_What to produce_
Would you reproduce the whole listing exactly, minus its images?

_Source data_
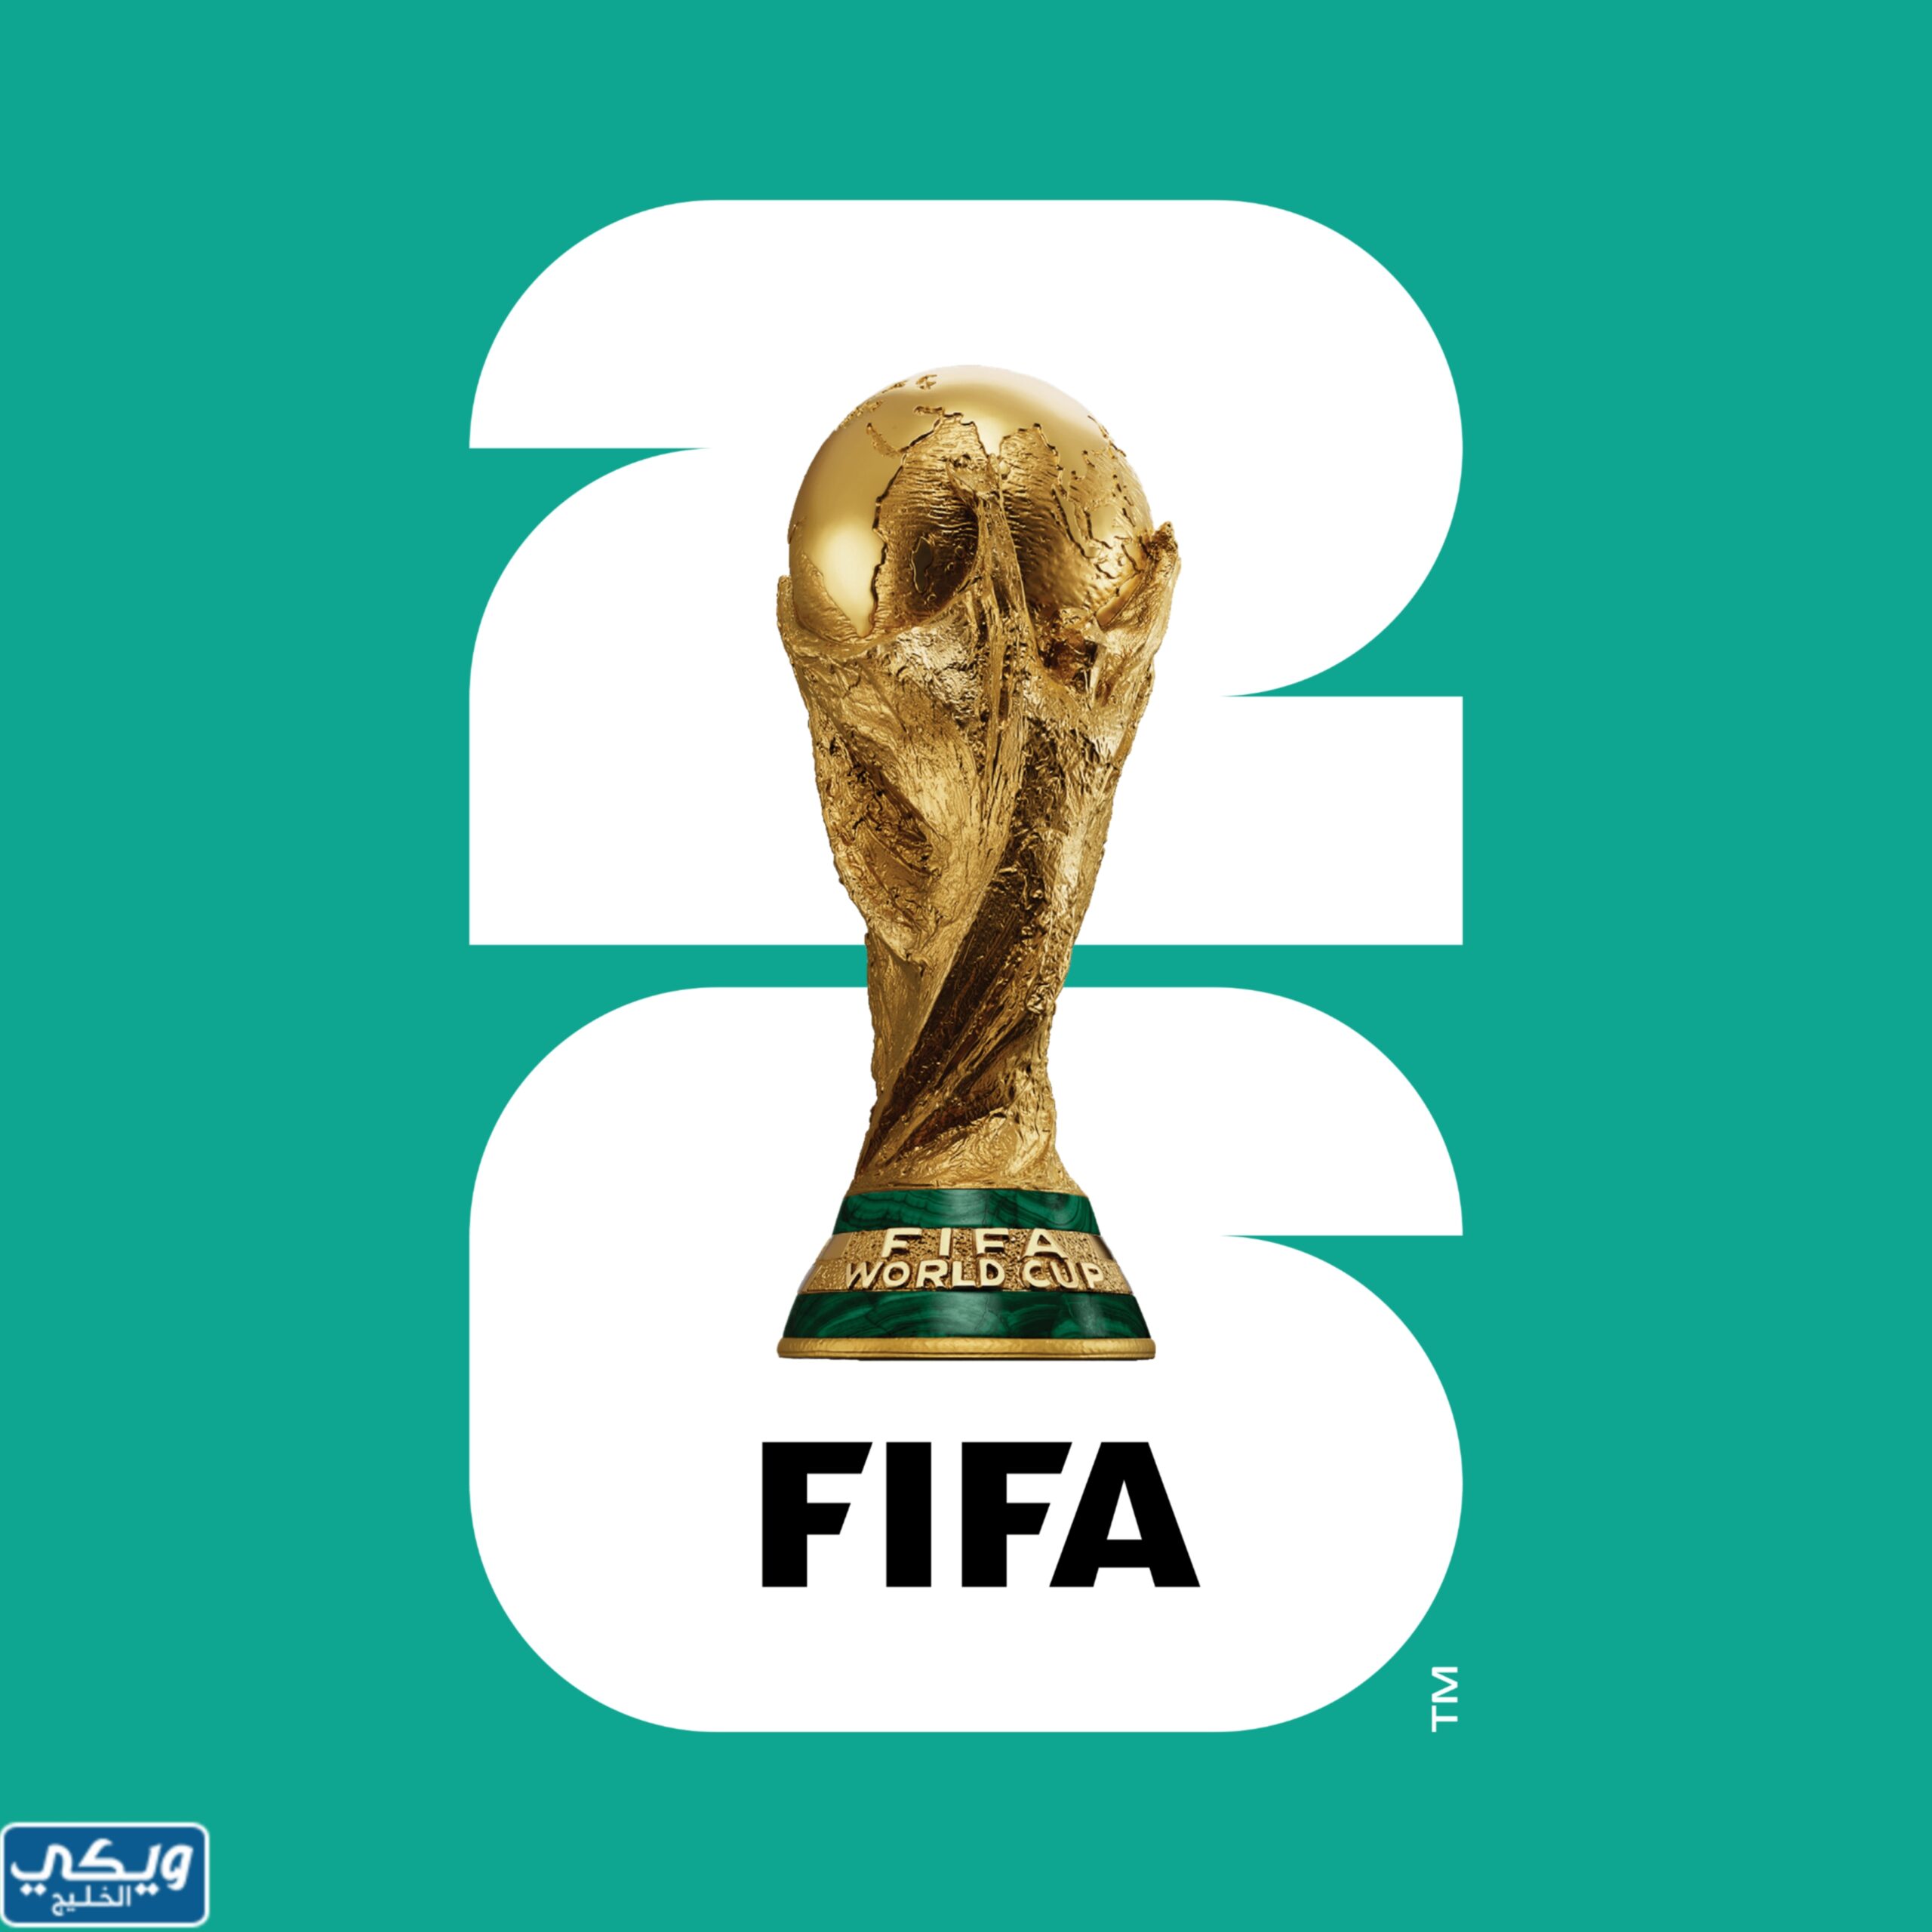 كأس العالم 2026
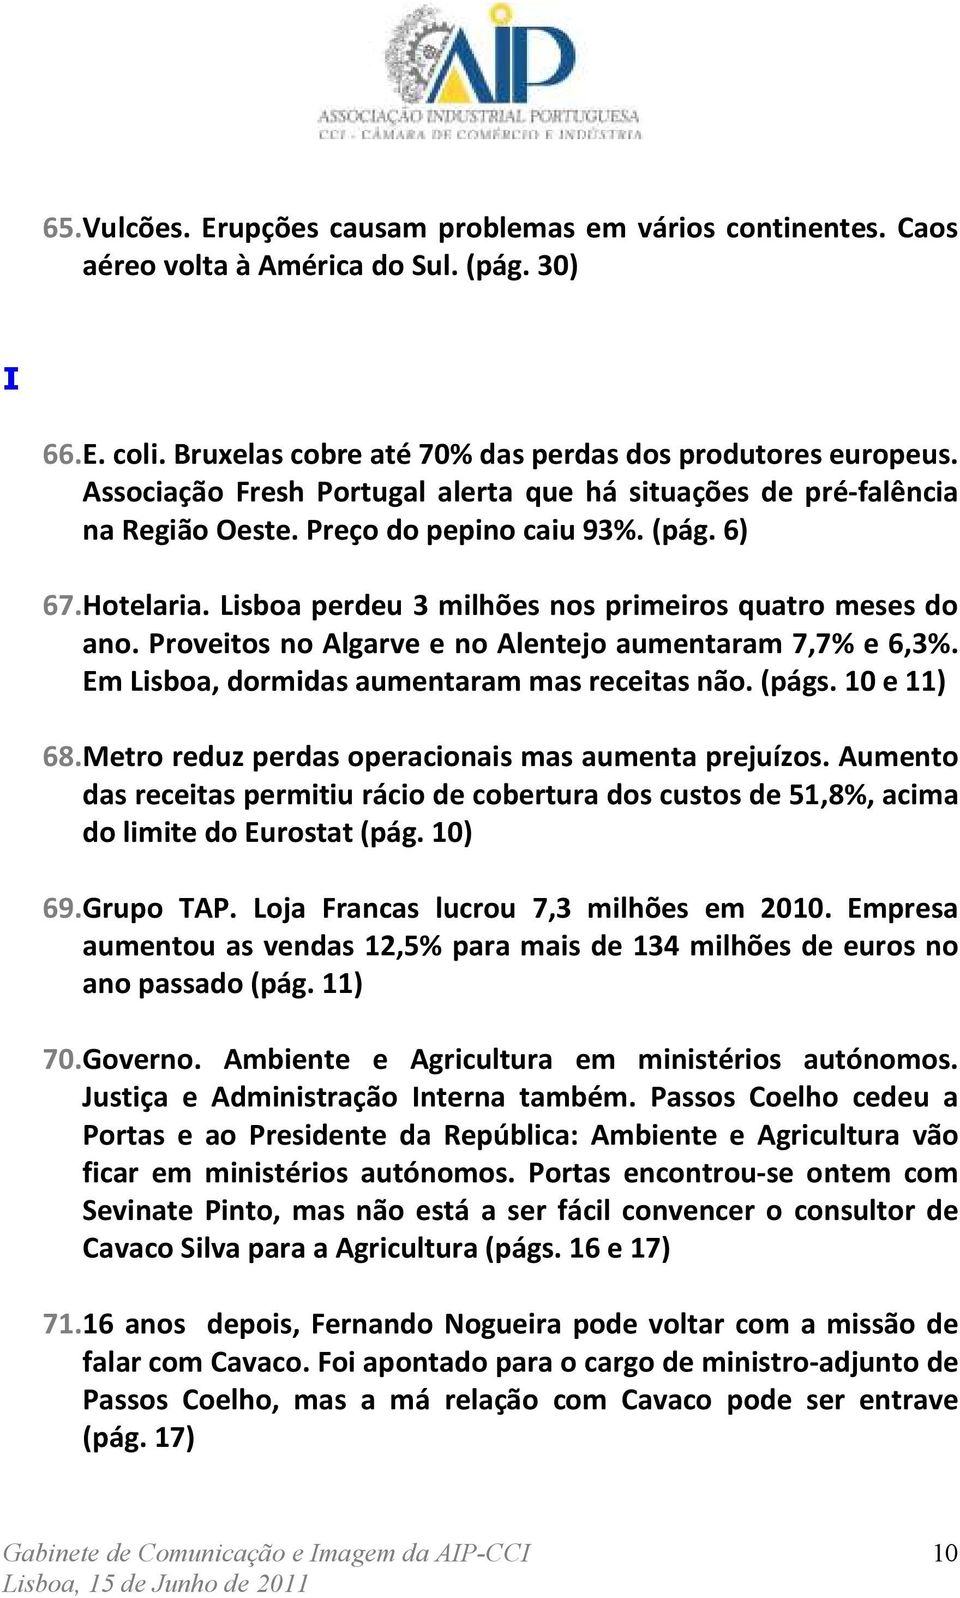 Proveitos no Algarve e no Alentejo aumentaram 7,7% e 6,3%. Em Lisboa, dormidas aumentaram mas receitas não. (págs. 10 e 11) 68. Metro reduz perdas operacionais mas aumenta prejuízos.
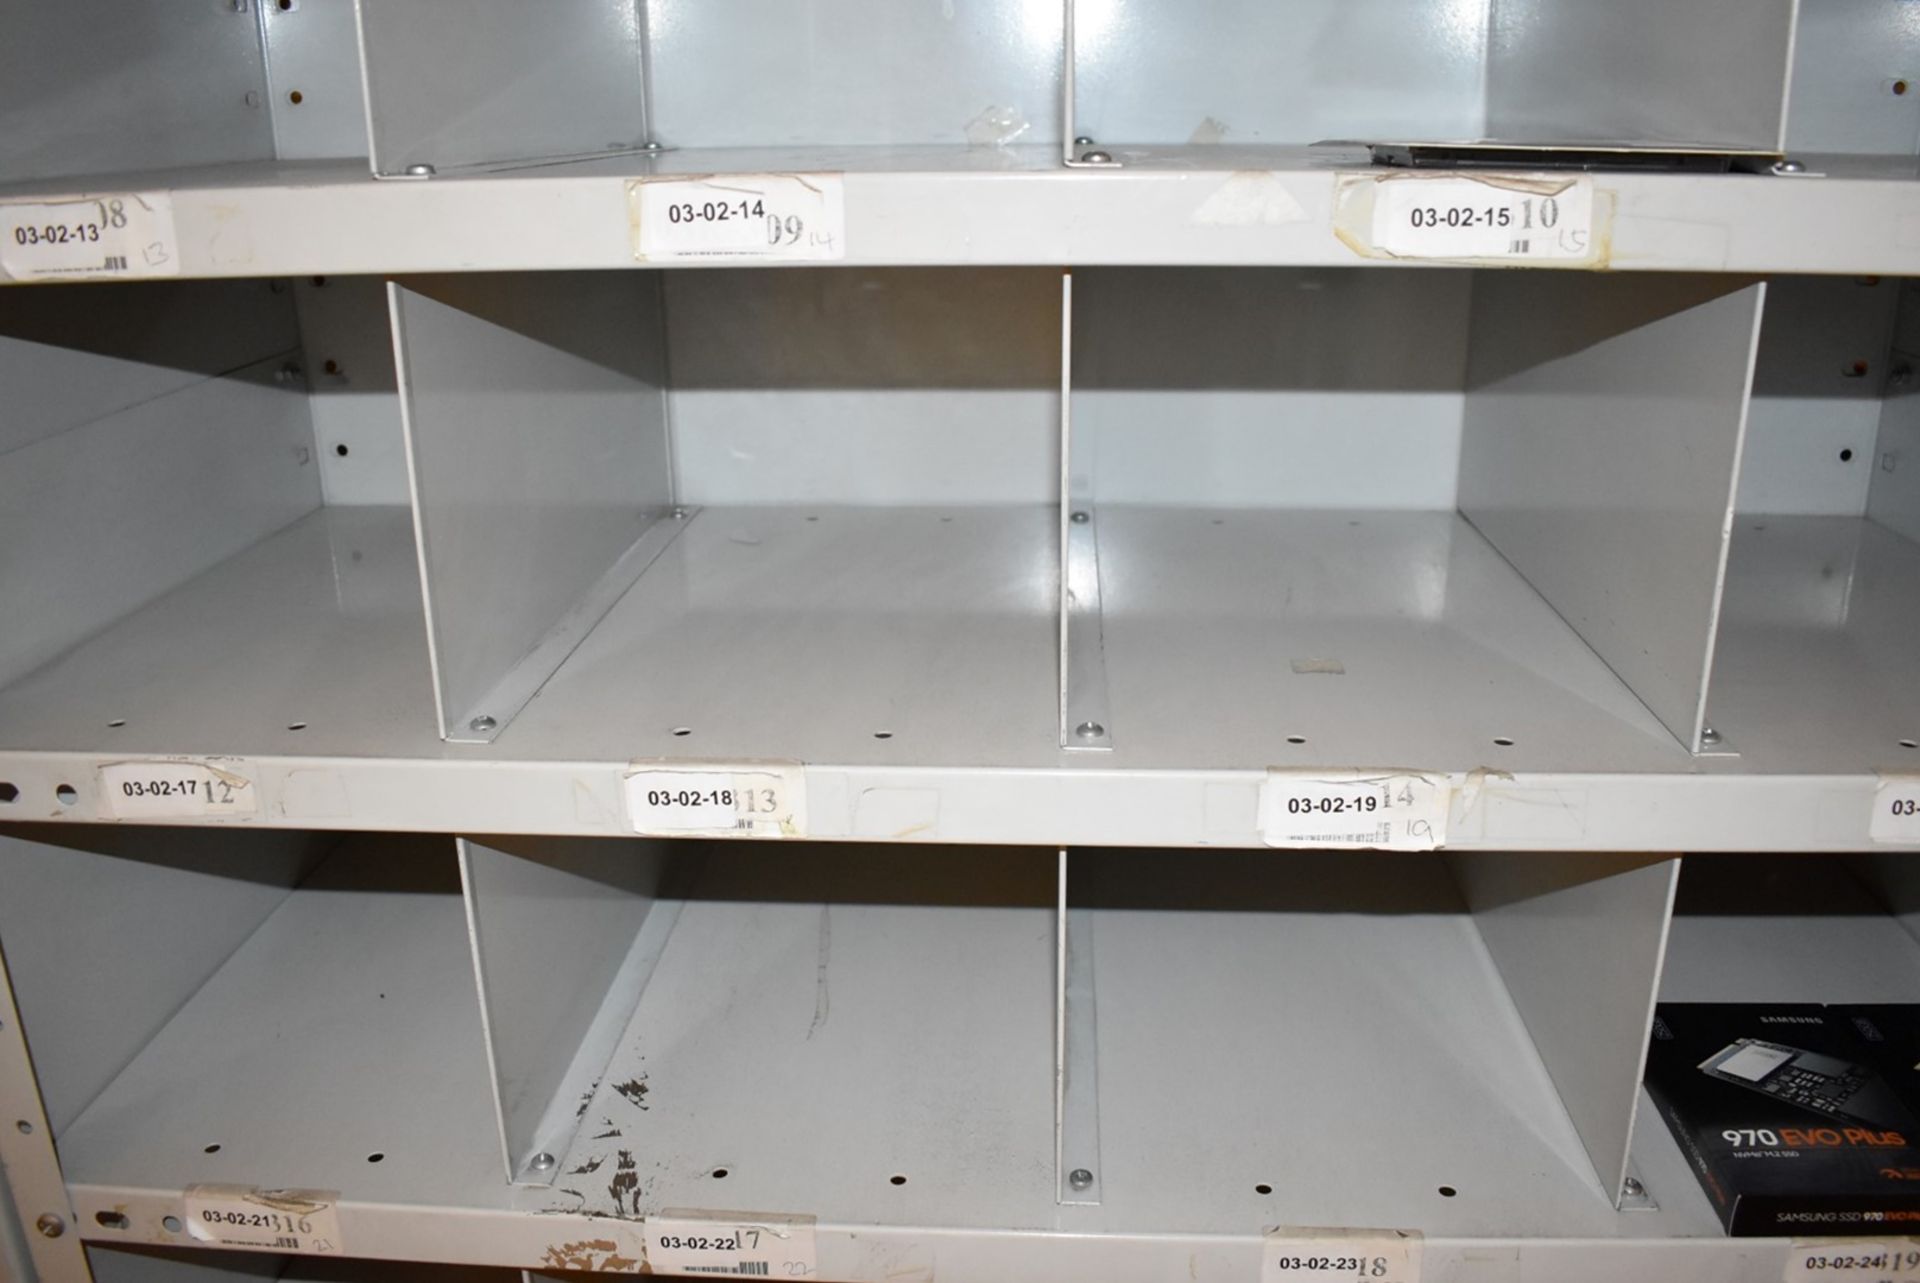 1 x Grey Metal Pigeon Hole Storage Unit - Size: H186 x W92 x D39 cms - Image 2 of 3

_Written response_
 كأس العالم 2026
 Proveitos no Algarve e no Alentejo aumentaram 7,7% e 6,3%. Em Lisboa, dormidas aumentaram mas receitas não. (págs. 10 e 11) 68. Metro reduz perdas operacionais mas aumenta prejuízos.
 1 x Grey Metal Pigeon Hole Storage Unit - Size: H186 x W92 x D39 cms - Image 2 of 3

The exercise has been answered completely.